Like any other night at Barnes and Noble, I returned to the café from the restroom, and the table of diet books called out to me. Almost siren-like voices were moaning, “Eat soy,” “CRUNCH fifteen minutes a day,” “ Buy this book and look like me—fabulous and lean.”
I did a gut check as I slid my fingers across the books’ glossy covers. Maybe I could get thin via osmosis … My usual tendency is to flip through a few books and compare my body to the ones on the pages—my exercise regime to the recommended one— then praise or berate myself based on my findings.
Tonight, I hesitated a few breaths as I walked slower past the “How To” books and “Diet and Exercise” sign. I thought to myself, I am more than the sum of my flaws. And so are you. Really, we should get healthy in whatever way works best and maintain that lifestyle, but not constantly worry about the next program, wonder herbal pill or fitness guru that promises to fulfill our hearts’ deepest desires for physical perfection. This behavior is like chasing after the wind—we can never grasp what we’re searching for, and it’s exhausting work.
In Isaiah, a craftsman works to make an idol statue: “[He said,] ‘It is ready for the soldering’; then he fastened it with pegs, that it might not totter” (Isaiah 41:7). This idol construction takes effort, and I wonder if by meditating on fat grams, pants sizes and tan lines, we have also labored over an idol.
I’ve never met anyone who said fearing buffets, having sore muscles five days a week or sucking in their stomach in public was fun, restful or rewarding. In fact, I’ve heard quite the opposite. It’s hard work to maintain an idol of self-image. Even if this idol isn’t constructed with weights and miracle cream, I bet many of us are a bit too concerned with how hip our hairstyle is, or how anti-Abercrombie our tattoos and clothes are.
The beautiful thing is that God doesn’t want us to have to keep up the tireless work of maintaining idols of self-image. Verse 10 explains that God desires to free us of the burden of idol worship.

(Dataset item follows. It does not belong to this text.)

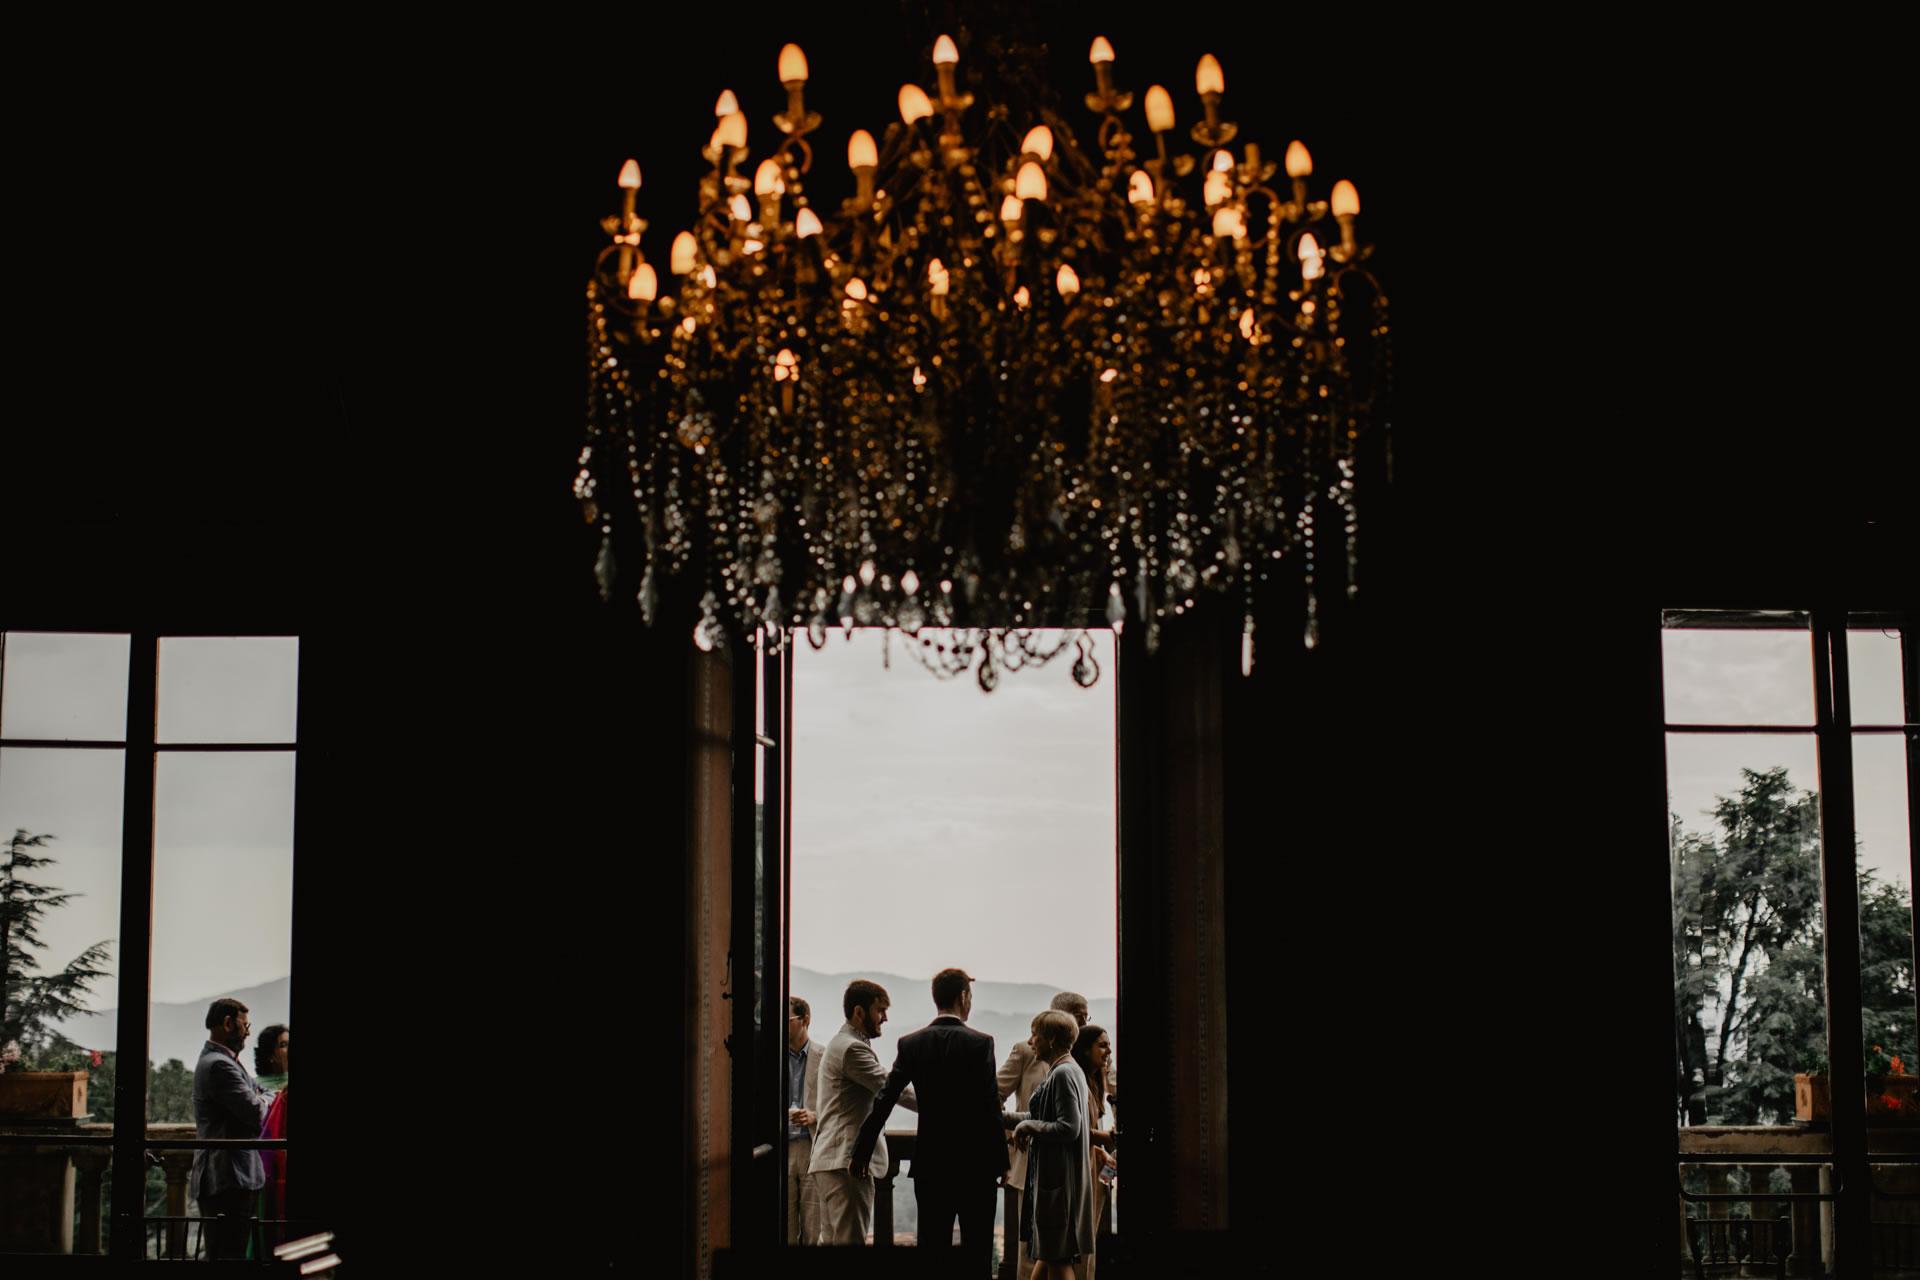 - 62 :: Indian wedding ceremony at Villa Pitiana :: Luxury wedding photography - 61 ::  - 62

In essence, He wants to do the hard work for us: “Fear not, for I am with you; Be not dismayed, for I am your God. I will strengthen you. Yes, I will help you, I will uphold you with my righteous right hand.” We should ask ourselves if our bodies or self-images have become idols instead of tools. If that’s the case, the answer is prayer—prayer that God would change that frame of mind, that He would complete the good work He started in us.
I’m sure we’ve all heard the adage, “Wash the bad out by putting good in.” I’ve seen it on many a marquee, but it’s true. Replacing an old bad habit with a new good one just makes sense. Instead of staring at airbrushed pictures of waif-like goddesses dripping with black eyeliner or whatever cookie-cutter body-builder is on the cover of Men’s Fitness, we could focus on a talent of our own. Stir up creativity by reading literary journals or perusing photography magazines. Instead of glaring at someone’s waistline in the gym, we might thank God for our physical abilities.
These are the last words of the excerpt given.